Soviet troops retook the Ukraine from the Germans in 1944, or rather liberated it, as the official term had it. Amazingly, not all Ukrainians welcomed the liberation.

In fact, many sought another liberation: from the liberators. To that end the Ukrainian Insurgent Army (UPA) continued to fight guerrilla warfare against the Russians throughout the ‘50s – for more than a decade after the end of the war.

Most of the fighters, including their leader Roman Shukhevych, were eventually killed by the NKVD, but not before taking thousands of Russians with them, including one of the top Soviet generals Nikolai Vatutin.

All that drama was unfolding in conditions that were considerably less favourable to the Ukrainians than they are at present. One can confidently predict that, now that they’ve tasted independent statehood, the Ukrainians will exact a heavier toll on the Russians than they did in the ‘50s.

Can the Russians afford to pay it? Obviously Putin has his doubts, for otherwise he would have pushed the button for the magic fortnight already.

As to Putin’s desire to reincorporate Finland into the Russian Empire, it lacks novelty appeal. Stalin already attempted it in the winter of 1939-1940.

Then too his generals were promising a decisive victory within a week, two at the most. After all, they had a 100 to one superiority in tanks, not to mention every other conceivable rubric.

Stalin magnanimously let them take a month, after which all of Finland would again belong to Russia. Instead the war took four months and cost the Russians half a million dead (against 20,000 Finns).

They succeeded in grabbing merely 11 per cent of Finland’s territory, but lost something much more significant. Instead of having as its neighbour a neutral, if generally disgruntled, Finland, Stalin got an implacable enemy.

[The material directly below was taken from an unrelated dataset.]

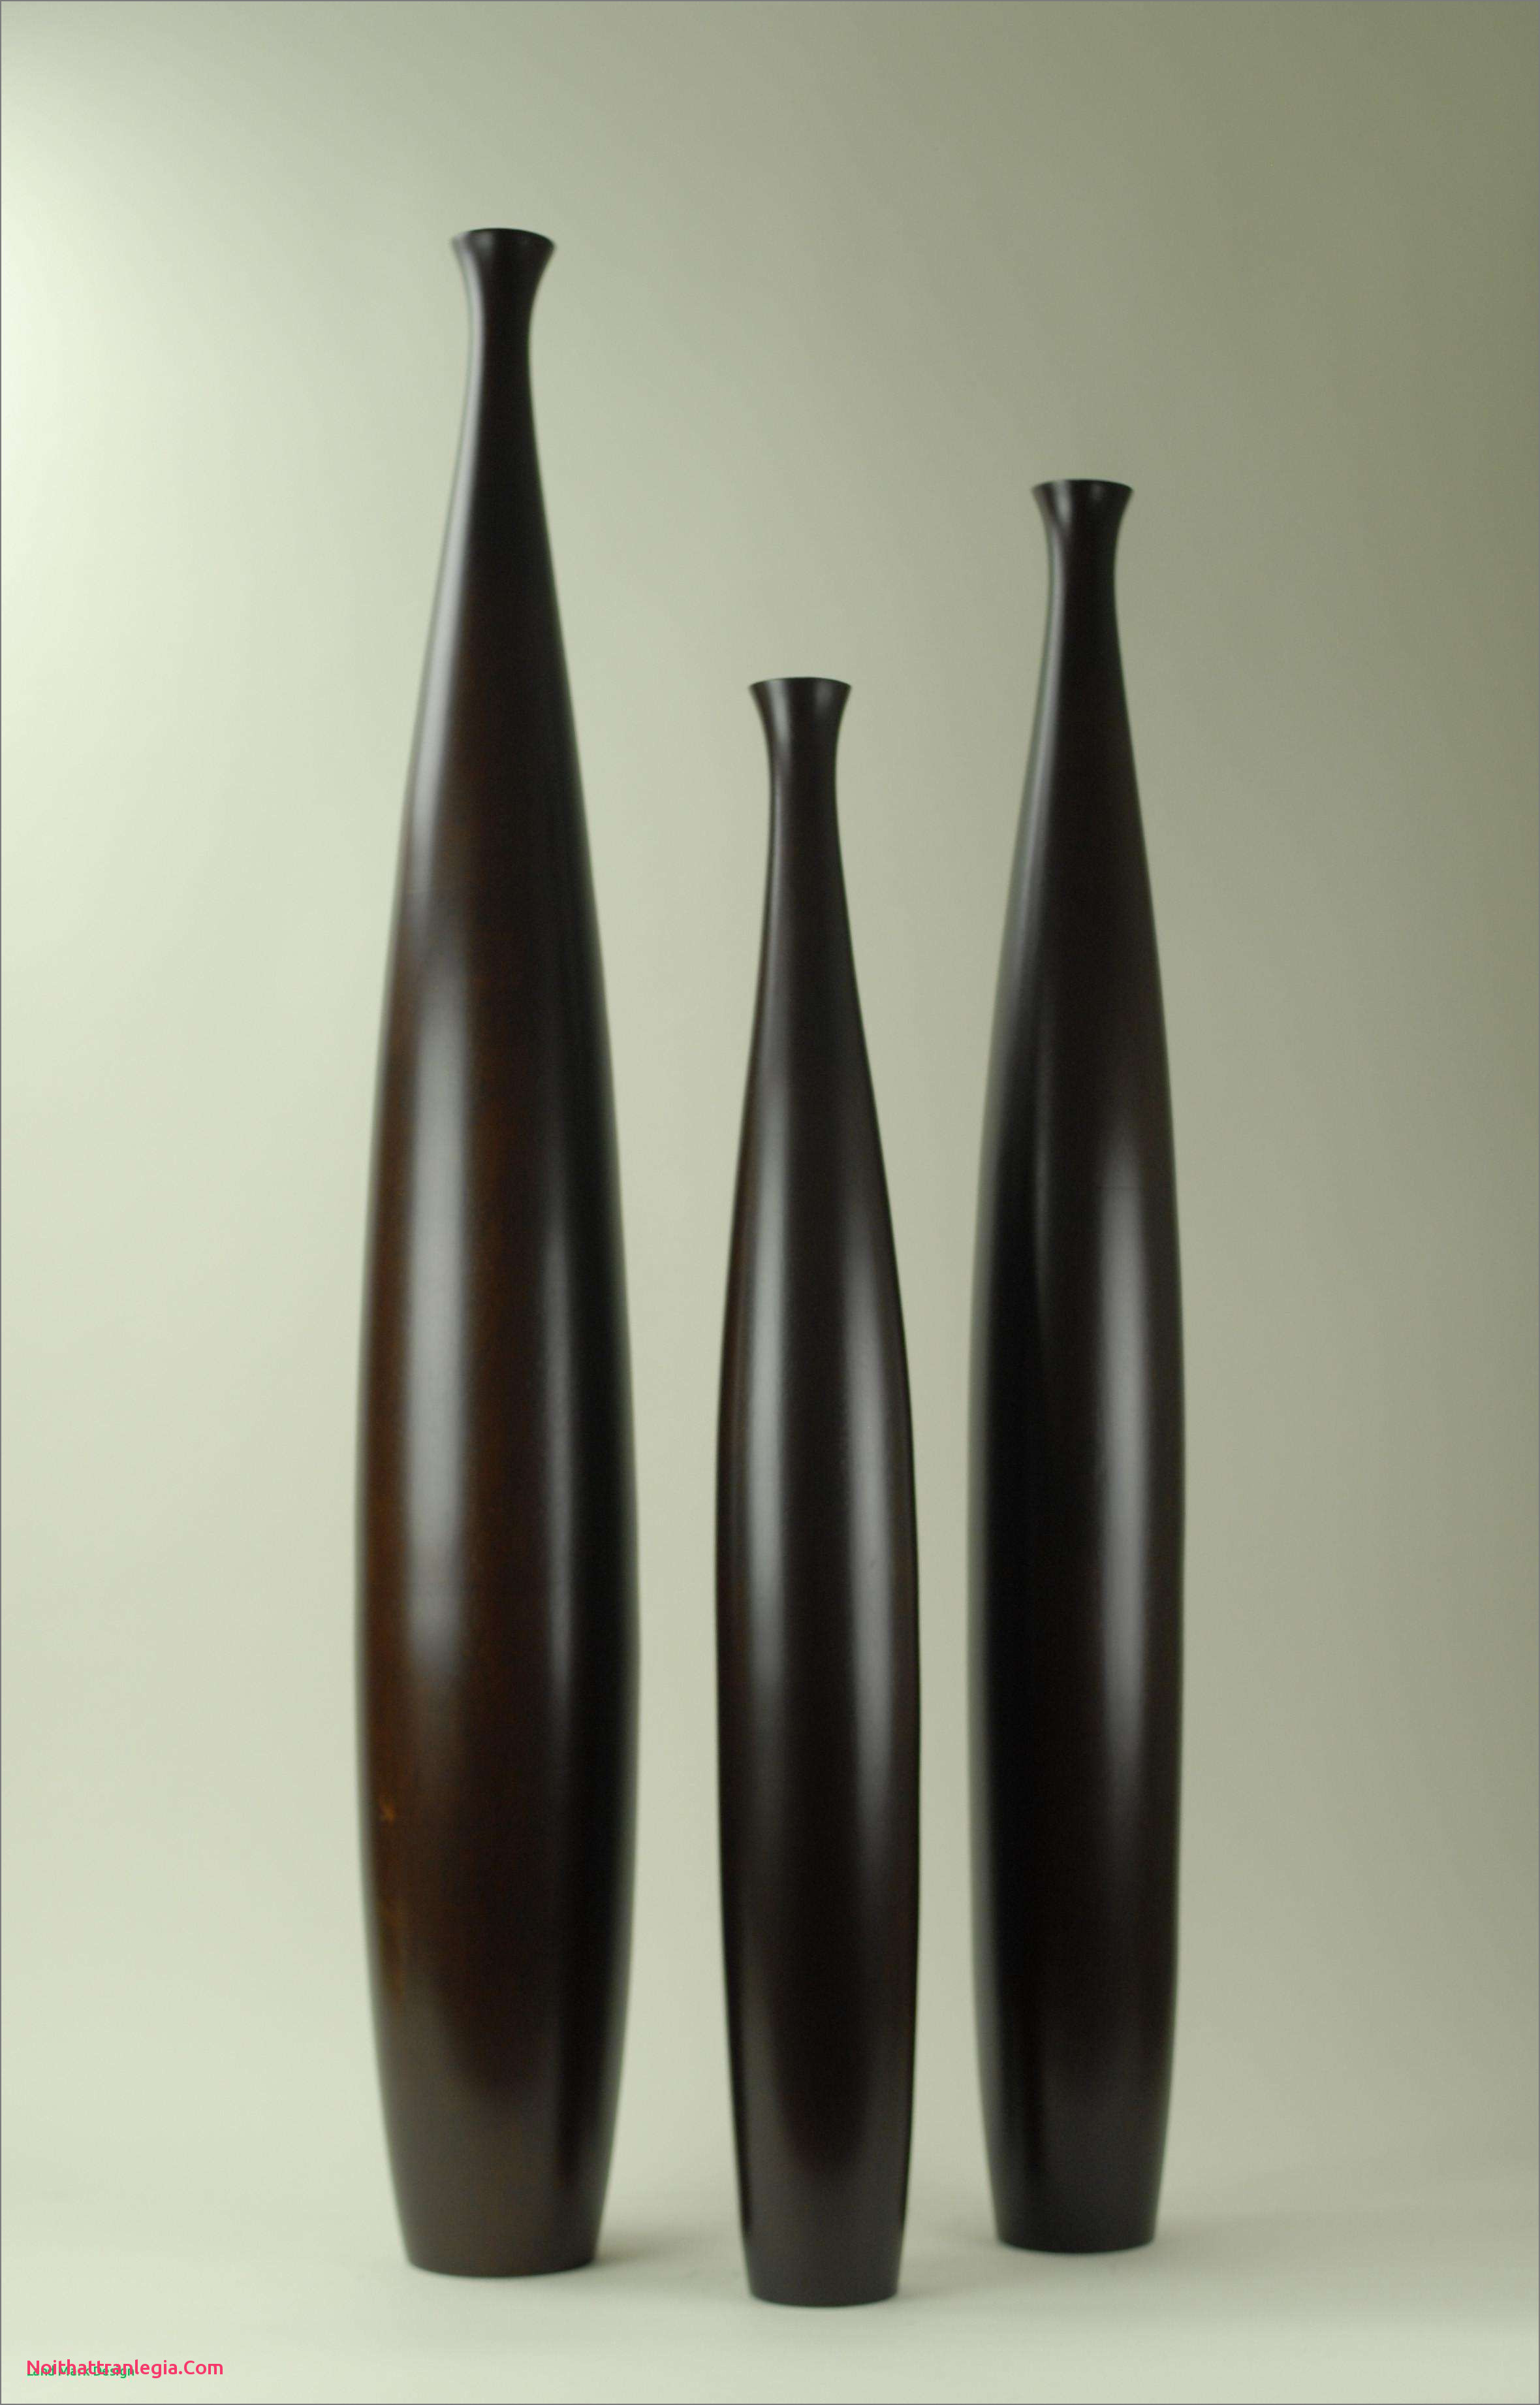 buy floor vases online of 20 large floor vase nz noithattranlegia vases design throughout floor vases ikea collection ikea floor vases design

Finland declared war on the Soviet Union on 25 June, 1941, three days after the German attack. It was largely thanks to the Finnish troops that the Germans managed to close the loop of siege around Leningrad, which ended up costing the city 1.5 million lives.

Talk to the Finns today, and you’ll get the impression they don’t exactly suffer from historical amnesia. They will fight the Russians as desperately (and expertly) today as they did in 1939.

In those days most of the world took Finland’s side. Russia was summarily expelled from the League of Nations, becoming a pariah state allied with Nazi Germany. Who will be her allies if Putin issues marching orders tomorrow?

It probably doesn’t matter very much whether or not a target of Putin’s potential offensive belongs to NATO. Neither the Ukraine nor Finland belonged to any such alliance way back then, which didn’t prevent them from bloodying Russia severely.

Hence, even if NATO proves to be as craven and impotent as I suspect it will, Putin won’t enjoy a free ride.

It took the Russians 10 years to shed 15,000 soldiers’ lives and get out of Afghanistan, tail between their legs. The demise of the Soviet Union may have been hastened by that adventure – and, between you and me, the West didn’t even care about Afghanistan all that much.

The same won’t be the case with Finland or for that matter Poland, which was also part of the Russian Empire. Russia will find herself in total isolation, never a good place to be even in the absence of a military conflict.

All things considered, Putin would be well-advised to put his imperial ambitions on hold. Vladimir the First won’t last.